Officer is a Ruby based lock server and client. It is designed to help you coordinate distributed processes and avoid race conditions. Inspiration comes from elock.
Read more in my blog post: http://remesch.com/officer-the-ruby-lock-server-and-client
Installation
gem install officer
Usage
Officer uses the 'daemons' gem to simplify creating long lived background processes.
Help information:
Usage: officer [-hofplsdm]
-h, --host=HOST The hostname or IP to bind to (default: 0.0.0.0)
-o, --socket-type=OPTION TCP or UNIX (default: TCP)
-f, --socket-file=FILE Full path and name to the UNIX domain socket file (only used with '-o UNIX', default: /tmp/officer.sock)
-p, --port=PORT The port to listen on (default: 11500)
-l, --log-level Set the log level to debug, info, or error (default: error)
-s, --stats Log stats every 5 seconds (default: off, required log level: info)
-d, --pid-dir Set directory where pid file will be saved (default: operating system's run directory)
-m, --max-idle Maximum idle time (in seconds) to wait before closing a connection that is idle and hasn't sent a keep alive (default: 60)
--help
Run Officer in the foreground with full logging and statistics:
officer run -- -l debug -s -d /tmp
Run Officer in the background (production mode) and listen on a specific IP and port:
officer start -- -h 127.0.0.1 -p 9999 -d /tmp
Other notes:
- The server listens on 0.0.0.0:11500 by default.
- All debugging and error output goes to stdout for now.
- By default, a pid file is created in /var/run and stdout is written to /var/log/officer.output. This will require root permissions which is normally a bad idea. You can avoid this by picking a different directory (example: officer start -- -d /tmp).
- I personally run Officer in production using Ruby Enterprise Edition (REE) which is based on Ruby 1.8.7.
- RVM and JRuby users should check the Known Issues wiki page.
- UNIX domain sockets are supported (example: officer start -- -o UNIX -p /tmp)
Create a client object
client = Officer::Client.new :host => 'localhost', :port => 11500
Options:
- :host => Hostname or IP address of the server to bind to (default: 0.0.0.0).
- :port => TCP Port to listen on (default: 11500).
- :socket_type => TCP or UNIX (default: TCP).
- :socket_file => Full path to the server's UNIX domain socket file (default: /tmp/officer.sock). This option is only used when the socket type is UNIX.
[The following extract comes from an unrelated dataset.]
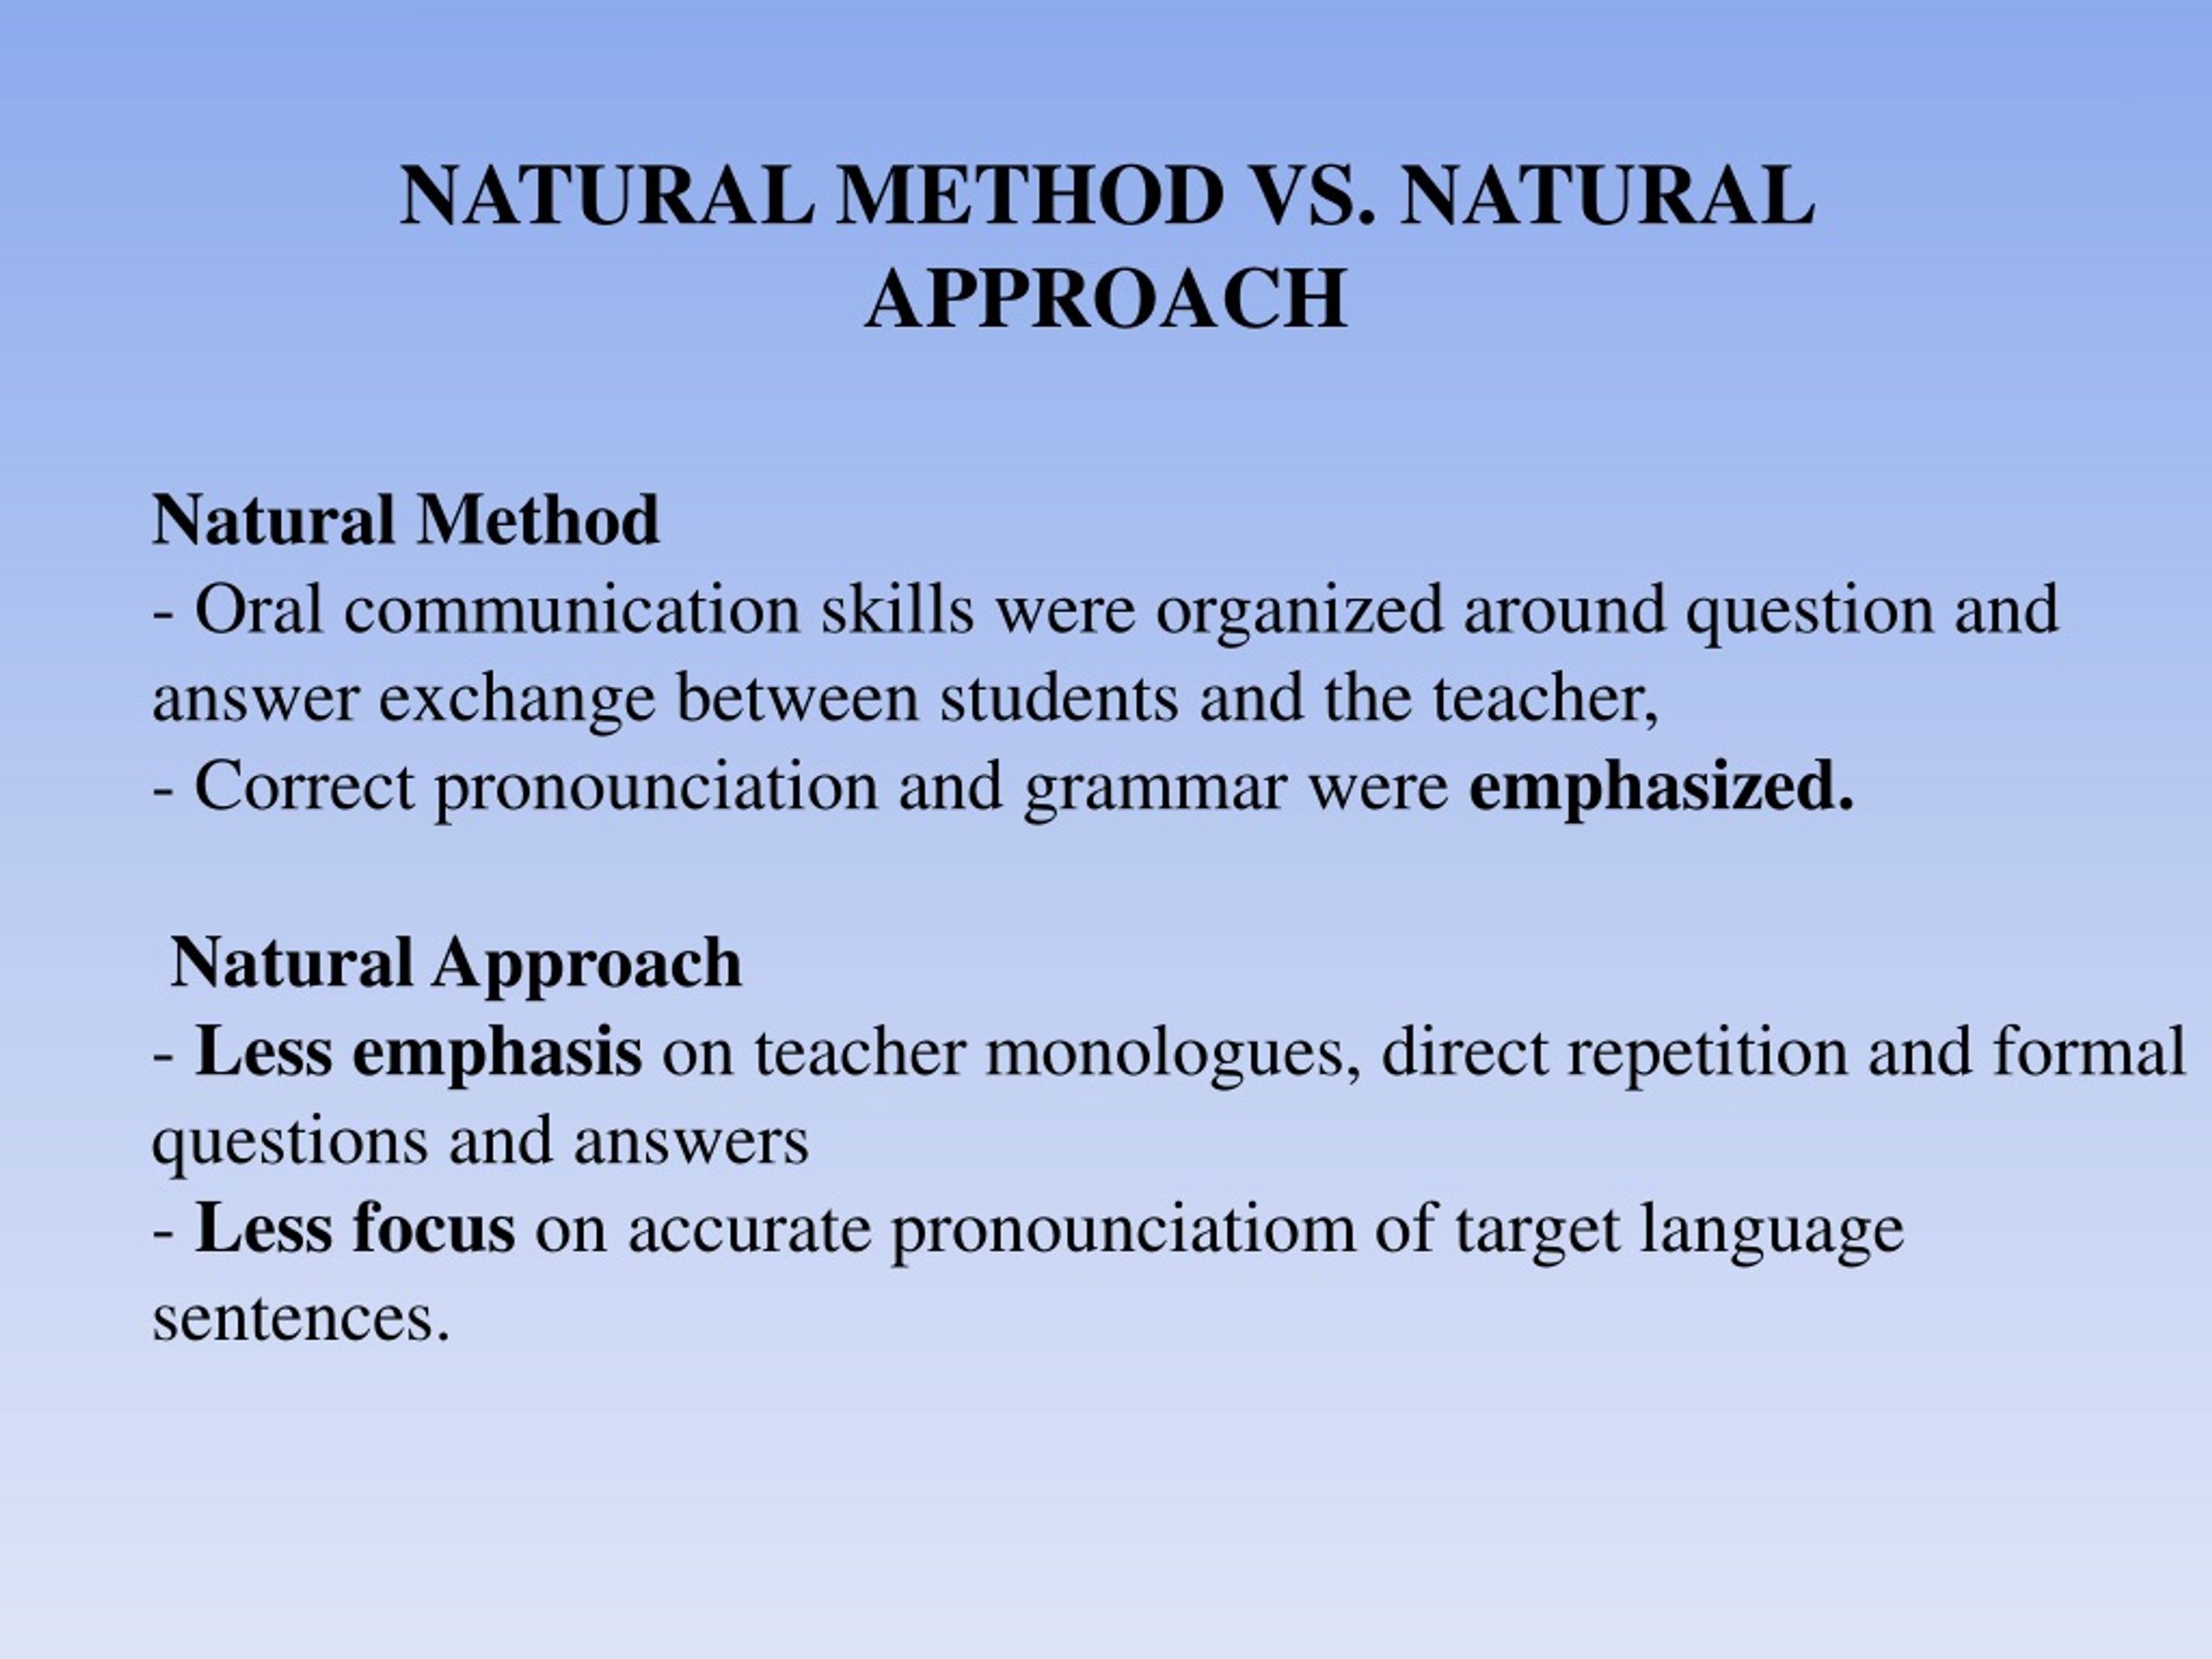 hypothesis of natural approach

- :namespace => Prepend a namespace to each lock name (default: empty string).
- :keep_alive_freq => Frequency (in Hz) to send a keep alive message (default: 6 Hz).
Lock a block of code
This is the preferred method for locking and unlocking in Officer. Note that it raises various exceptions as needed (see lib/officer/client.rb).
client.with_lock('some_lock_name', :timeout => 5) do
puts 'hello world'
end
Options:
- :timeout => The number of seconds to wait for a lock to become available (default: wait forever).
- :queue_max => If the lock queue length is greater than :queue_max then don't wait for the lock (default: infinite).
Lock
Request the specified lock. Note that exceptions are not automatically raised so you will have to check for errors yourself. It is recommended to use with_lock where possible.
client.lock 'some_lock_name'
Options:
- Same options as the above with_lock method.
Unlock
Unlock the specified lock.
client.unlock 'some_lock_name'
Reset
Release all locks associated with this connection.
client.reset
Reconnect
This method is useful if you use Officer with Phusion Passenger and smart spawning. See Passenger's documentation for more information. Note that all locks are released when you disconnect.
client.reconnect
Disconnect
Close the connection to the server.
client.disconnect
Show locks
Returns the internal state of all the server's locks.
client.locks
Show connections
Returns the internal state of all the server's connections.
client.connections
Show my locks
client.my_locks
Supported Rubies
Officer is tested and used in production with MRI Ruby 1.9.x and newer. It should also work with any modern Ruby that supports EventMachine. You should avoid Ruby 1.8.x and older since the client library uses a background thread for network heartbeats. These heartbeats may be unreliable with Ruby 1.8 and it's green threads.
Contributing to Officer
- Check out the latest master to make sure the feature hasn't been implemented or the bug hasn't been fixed yet.
- Check out the issue tracker to make sure someone already hasn't requested it and/or contributed it.
- Fork the project.
- Start a feature/bugfix branch.
- Commit and push until you are happy with your contribution.
- Make sure to add tests for it. This is important so I don't break it in a future version unintentionally.
- Please try not to mess with the Rakefile, version, or history. If you want to have your own version, or is otherwise necessary, that is fine, but please isolate to its own commit so I can cherry-pick around it.